StemP: A fast and deterministic Stem-graph approach for RNA and protein folding prediction
Mengyi Tang, Kumbit Hwang, Sung Ha Kang

TL;DR
StemP introduces a fast, deterministic graph-based method for RNA and protein folding prediction, utilizing all possible stems to accurately determine structures with minimal computation time.
Contribution
The paper presents a novel deterministic approach that models all potential stems as a graph, enabling efficient and accurate folding predictions for RNA and proteins, including pseudo knots.
Findings
Rapid predictions within seconds to minutes on standard laptops
Effective secondary structure and protein folding predictions including pseudo knots
Validated on diverse biological sequences from multiple databases
Abstract
We propose a new deterministic methodology to predict RNA sequence and protein folding. Is stem enough for structure prediction? The main idea is to consider all possible stem formation in the given sequence.
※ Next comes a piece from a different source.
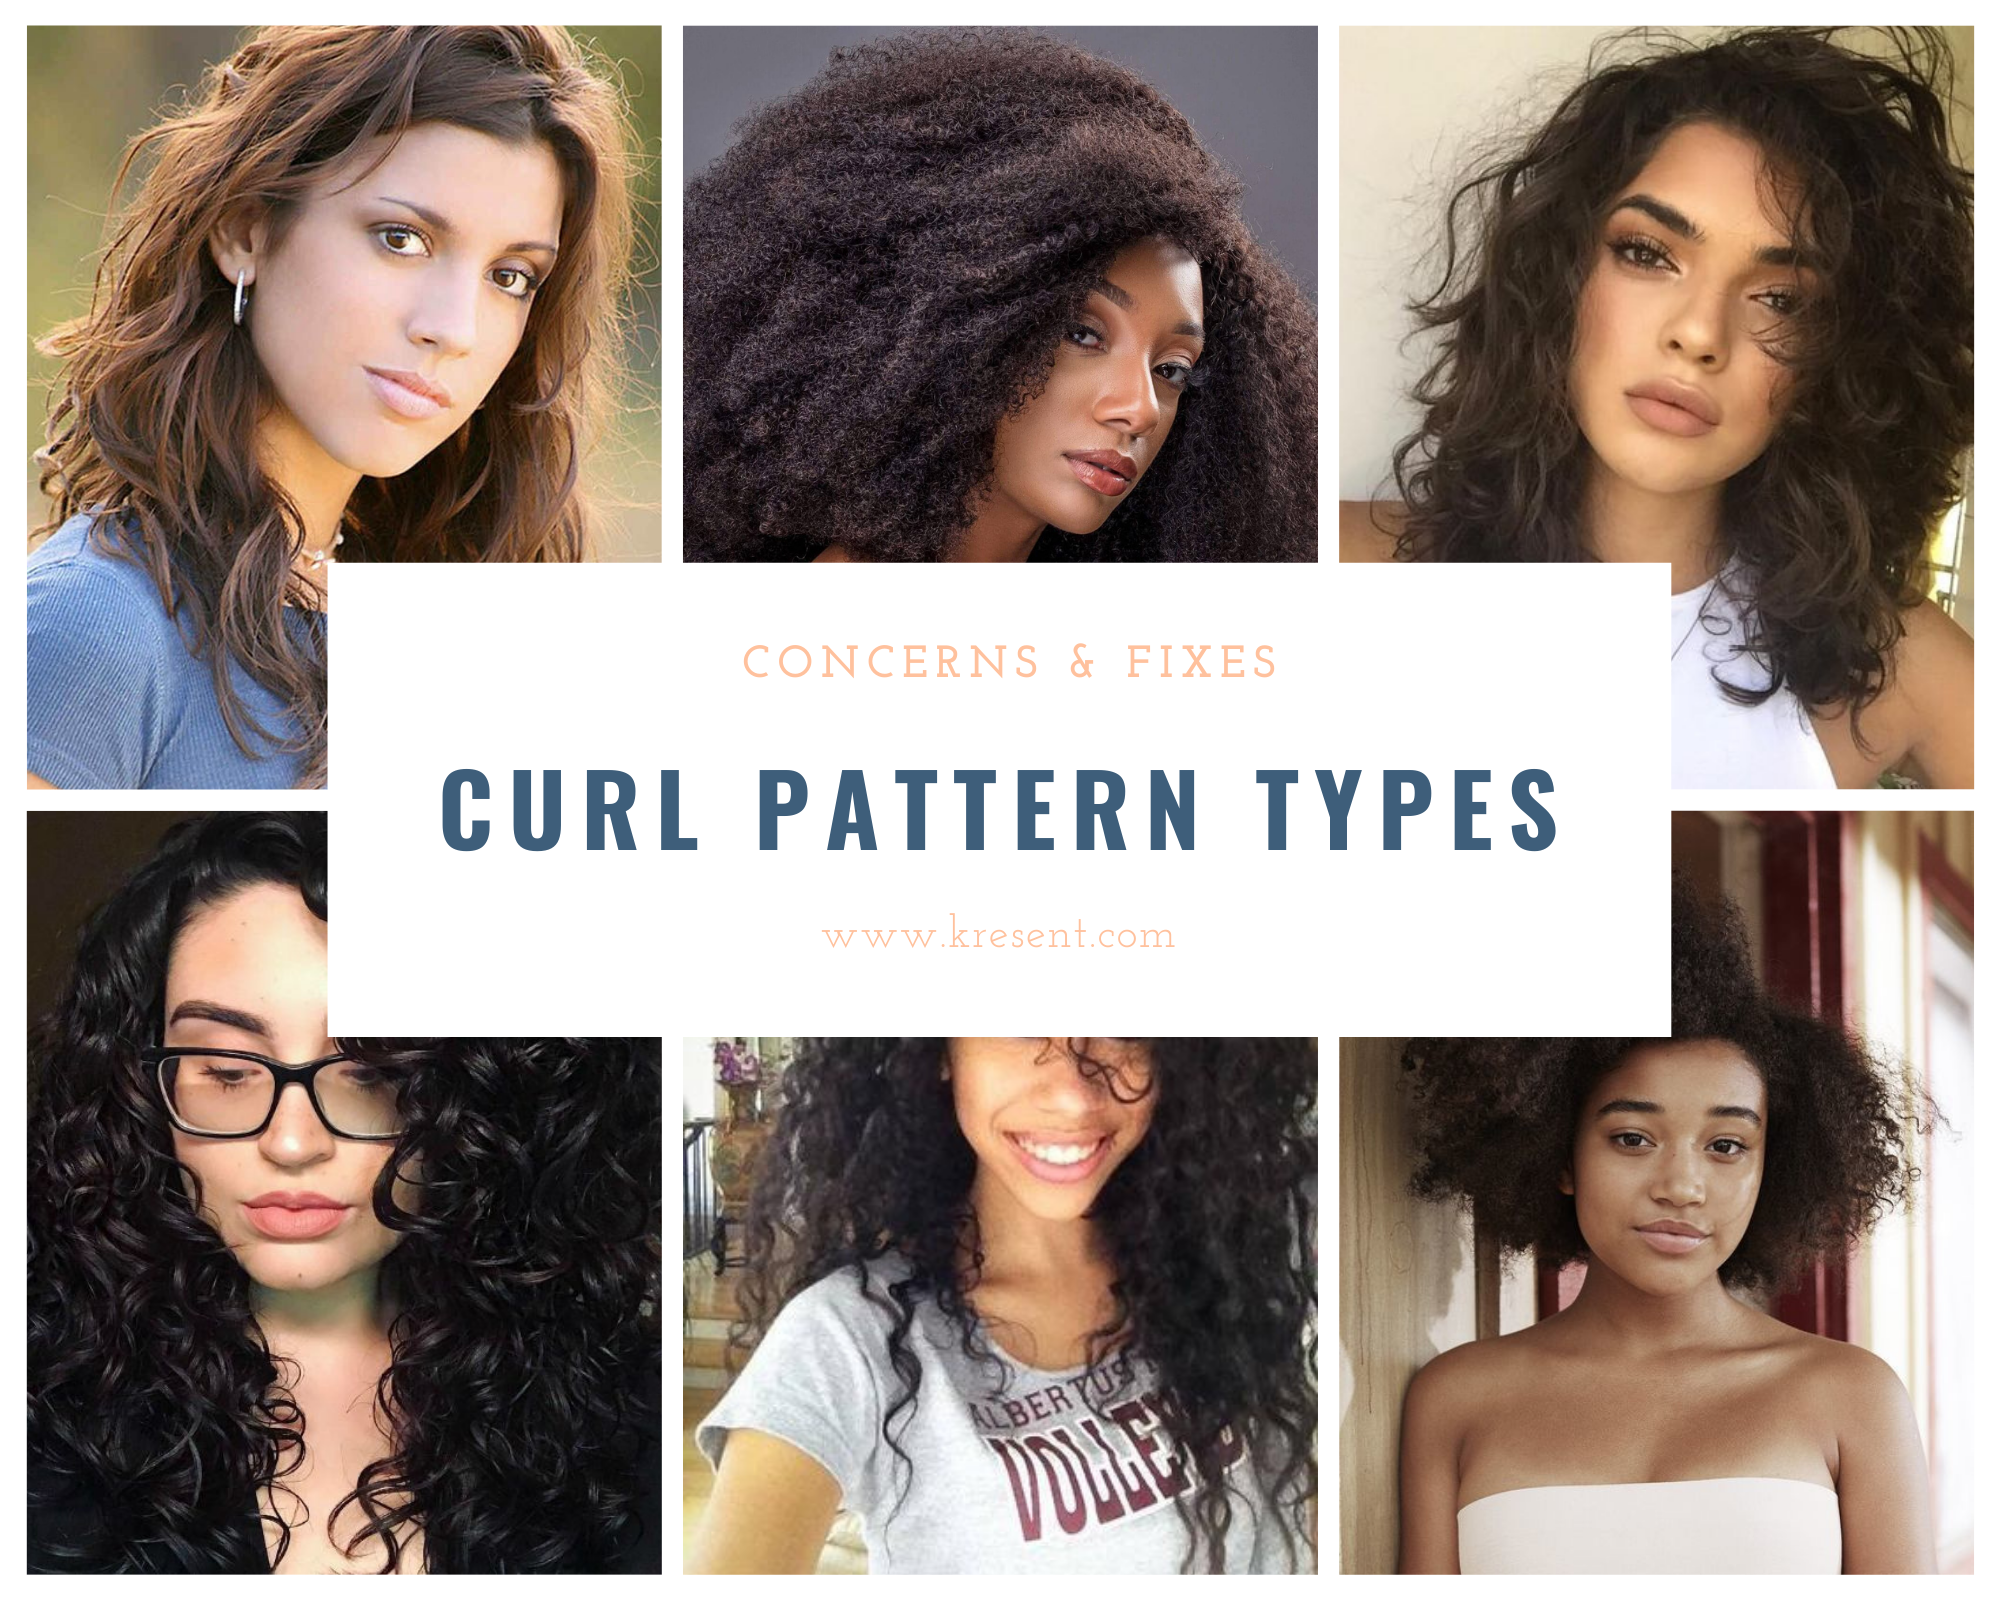 Curl Pattern Types Identify Your Curl Hair Pattern With Curl Pattern Chart

With the stem loop energy and the strength of stem, we explore how to deterministically utilize stem information for RNA sequence and protein folding structure prediction. We use graph notation, where all possible stems are represented as vertices, and co-existence as edges. This full Stem-graph presents all possible folding structure, and we pick sub-graph(s) which give the best matching energy for folding structure prediction. We introduce a Stem-Loop score to add structure information and to speed up the computation. The proposed method can handle secondary structure prediction as well as protein folding with pseudo knots. Numerical experiments are done using a laptop and…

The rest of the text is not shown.